Spezzatino di manzo – Italienisches Rindergulasch
Originalname Spezzatino di manzo
Zart geschmortes italienisches Rindergulasch mit Rotwein, Tomaten, Rosmarin und Lorbeer. Langsam gegart wird das Rindfleisch butterweich und von einer aromatischen, leicht sämigen Sauce umhüllt. Perfekt zu Polenta, Kartoffelpüree, Pasta oder einfach mit frischem Brot zum Auftunken der Sauce – ein wärmendes Wohlfühlgericht für gemütliche Abende.
- Schwierigkeit
- 25 min
- Vorbereitung
- 2 h 0 min
- Koch/Backzeit
- 10 min
- Ruhezeit
Nährwerte pro Portion
550 kcal
- 45 g
- Eiweiß
- 14 g
- Kohlenhydrate
- 8 g
- davon Zucker
- 30 g
- Fett
- 10 g
- davon gesättigt
- 3 g
- Ballaststoffe
- 900 mg
- Natrium
Angaben sind Richtwerte und können je nach Zutaten variieren.
Schritt für Schritt
-
Rindfleisch in etwa 3 cm große Würfel schneiden, dabei Sehnen und grobes Fett nach Belieben entfernen. Das Fleisch mit Küchenpapier gründlich trocken tupfen, damit es später gut bräunt.
800 g Rinderschulter oder Rindernuss (Schmorbraten geeignet) -
Zwiebeln schälen und fein würfeln.
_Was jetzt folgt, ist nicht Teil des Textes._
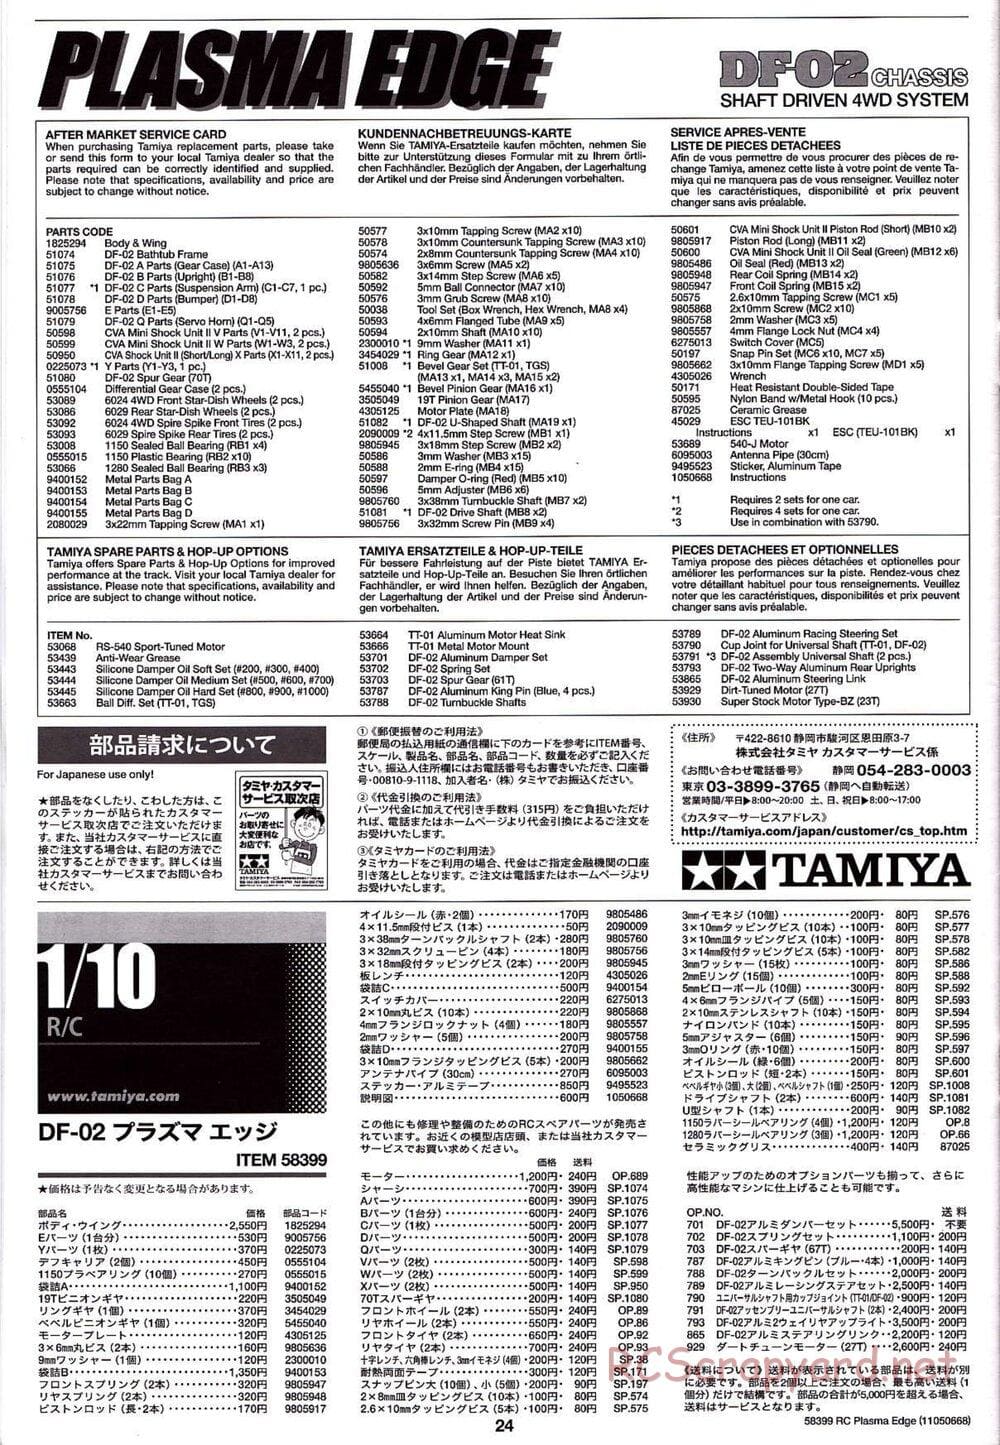 Tamiya - Plasma Edge Chassis - Manual - Page 24

Karotten schälen und in kleine Würfel schneiden. Selleriestangen waschen und ebenfalls klein würfeln. Knoblauch schälen und fein hacken.
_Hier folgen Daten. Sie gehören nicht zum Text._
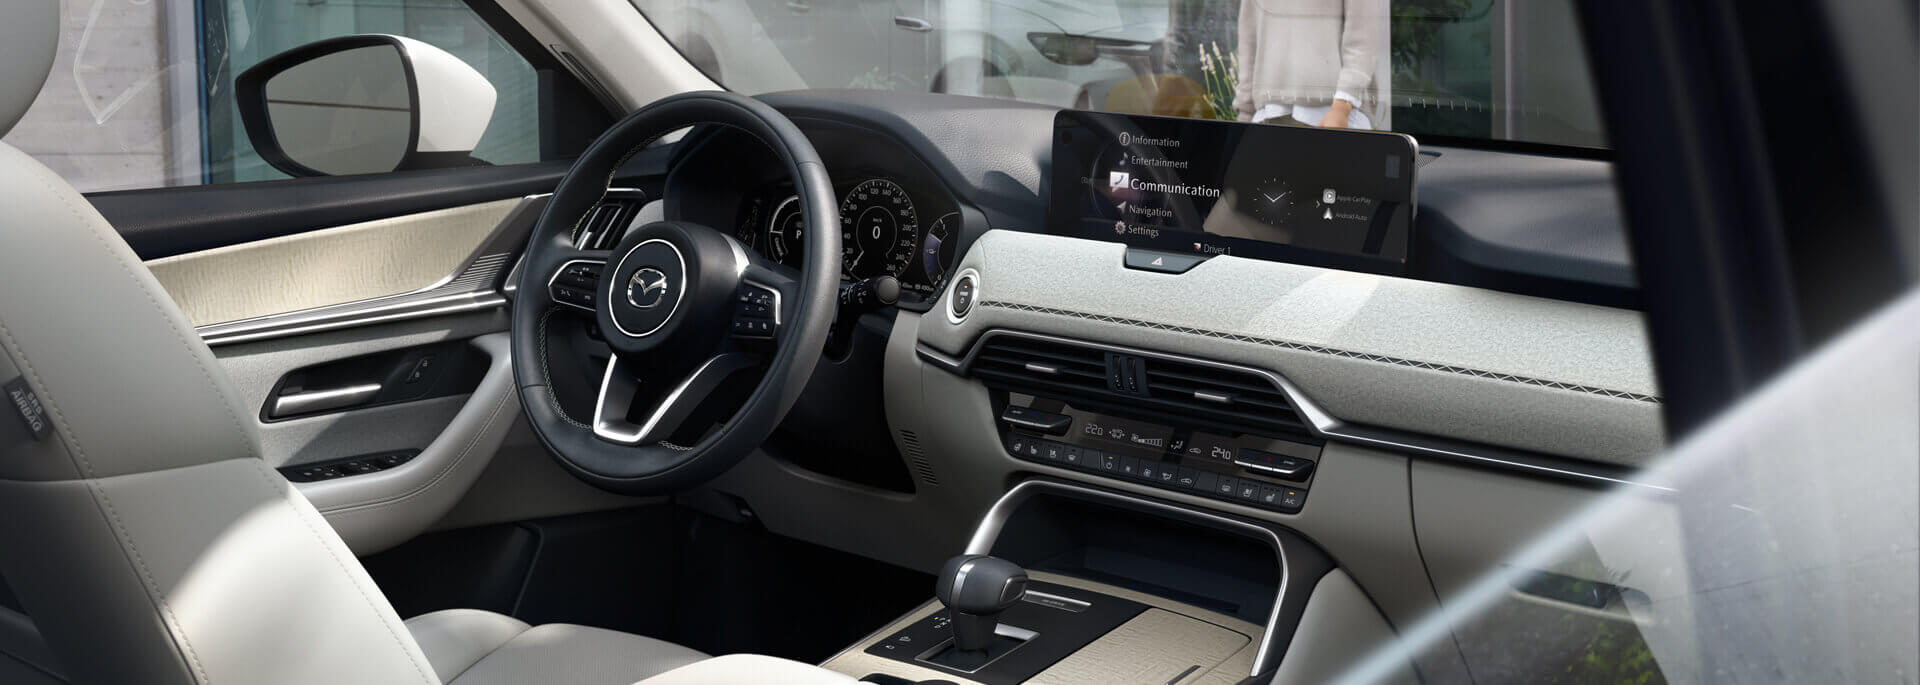 Das grosszügige Interieur des neuen Mazda CX-60 Plug-in-Hybrid-SUVs überzeugt durch japanische Handwerkskunst.

100 g Selleriestangen (Staudensellerie) 150 g Karotten 200 g Zwiebeln 3 Stück Knoblauchzehen -
In einem schweren Topf (am besten Schmortopf oder gusseisener Bräter) das Olivenöl auf mittelhoher bis hoher Hitze erhitzen. Das Rindfleisch portionsweise zugeben und rundherum kräftig anbraten, bis es gut gebräunt ist. Nicht zu viel Fleisch auf einmal in den Topf geben, damit es nicht im eigenen Saft dünstet. Angebratenes Fleisch herausnehmen und beiseitestellen.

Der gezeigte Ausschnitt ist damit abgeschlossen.